Extracting Relations withh Integrated Information Using Kernel Methods. ACL 2005.

The work at NYU used different types of evidence to identify ACE relations: words, bigrams, the syntactic path between the two arguments, and the local syntactic context of each individual argument. A separate kernel function was written for each, and then a composite kernel combining them all.

Min Zhang; Jie Zhang; Jian Su; GuoDong Zhou.
A Composite Kernel to Extract Relations between Entities with Both Flat and Structured Features. ACL 2006.

Looking ahead: semi- and un-supervised methods

Sergei Brin. Extracting Patterns and Relations from the World Wide Web. (Also available in PDF)  In Proc. World Wide Web and Databases International Workshop, pages 172-183. Number 1590 in LNCS, Springer, March 1998.

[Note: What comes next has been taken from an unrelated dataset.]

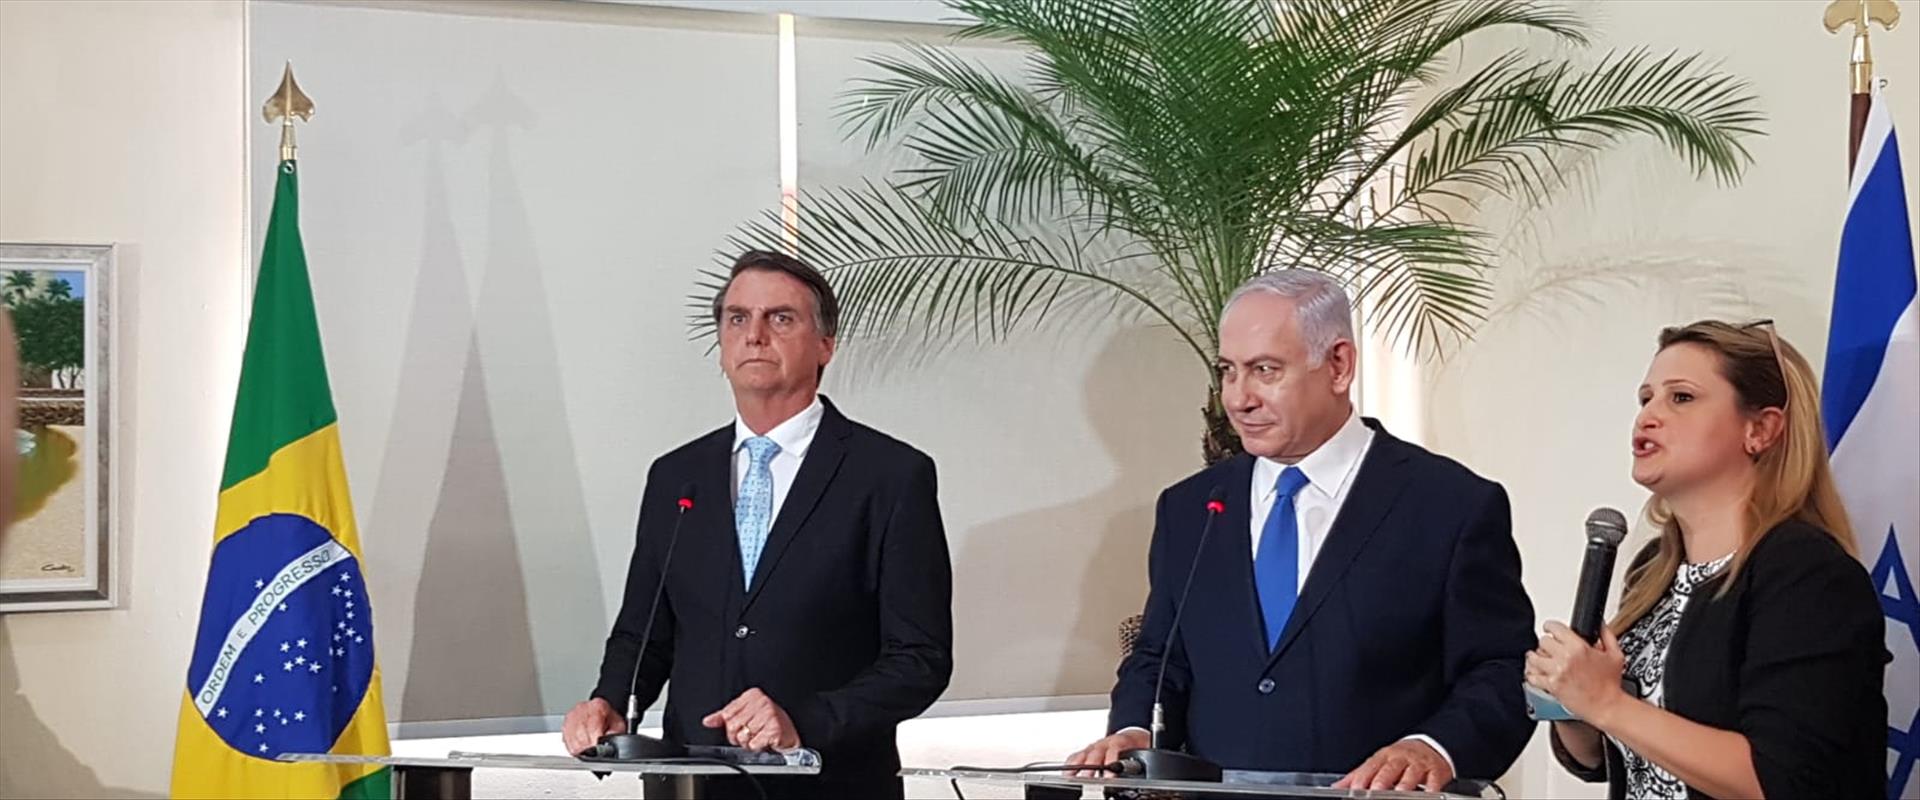 רה"מ נתניהו ונשיא ברזיל בולסונארו
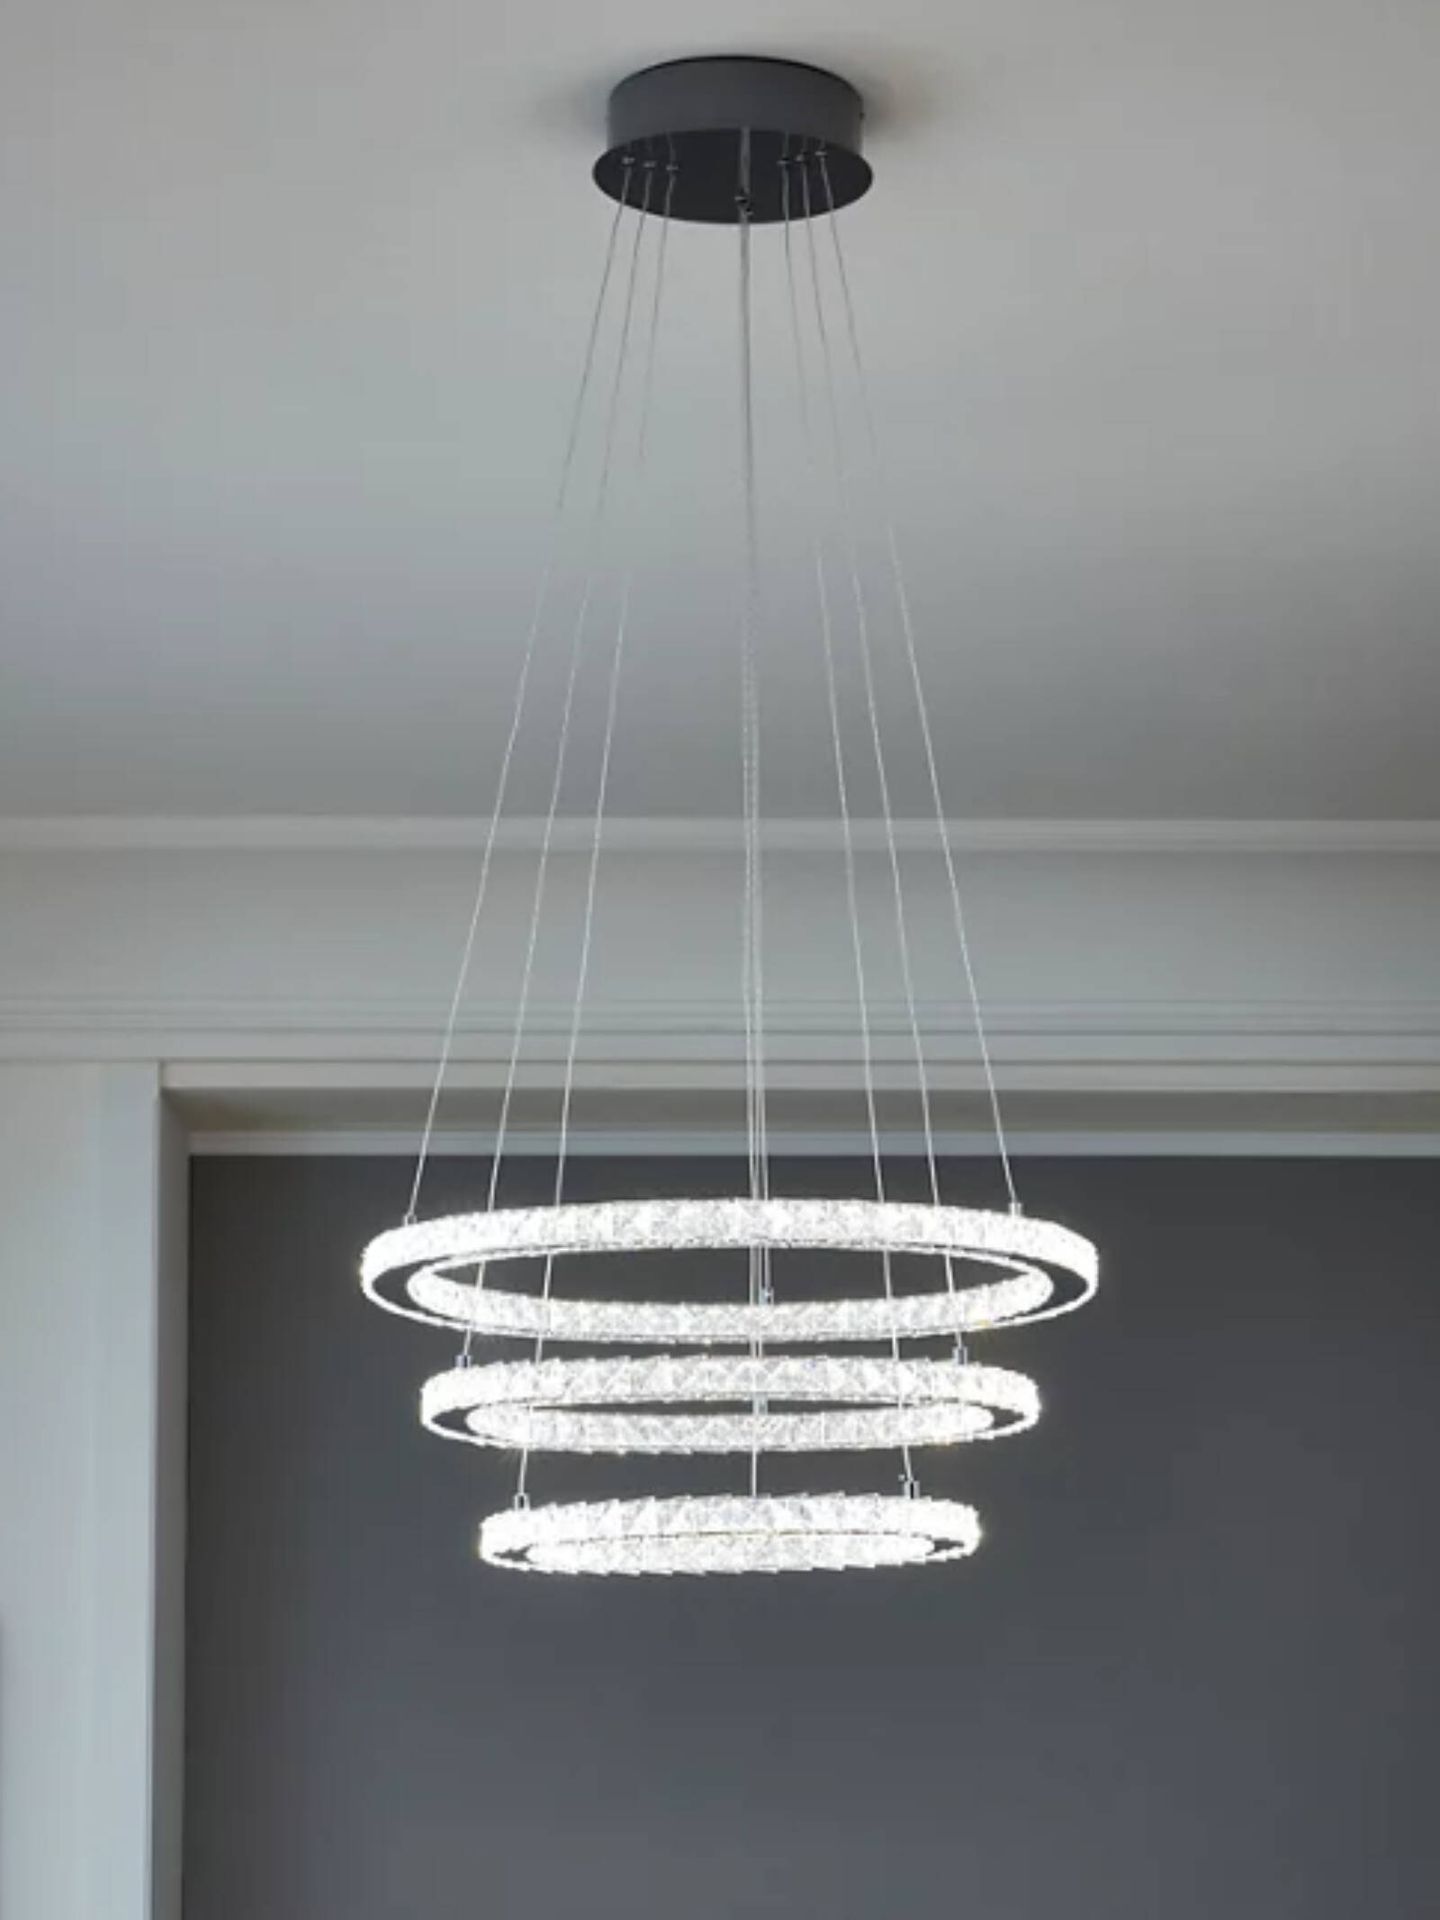 Lámparas de chandelier low cost para dar un toque chic a tu casa. (Cortesía/Leroy Merlin)

Eugene Agichtein and Luis Gravano,   Snowball: Extracting Relations from Large Plain-Text Collections, [slides ]   In Proc. 5th ACM International Conference on Digital Libraries (ACM DL), 2000

Razvan Bunescu and Raymond J. Mooney. Learning to Extract Relations from the Web using Minimal Supervision. ACL 2007.

Takaaki Hasegawa, Satoshi Sekine, Ralph Grishman Discovering Relations among Named Entities from Large Corpora. ACL 2004.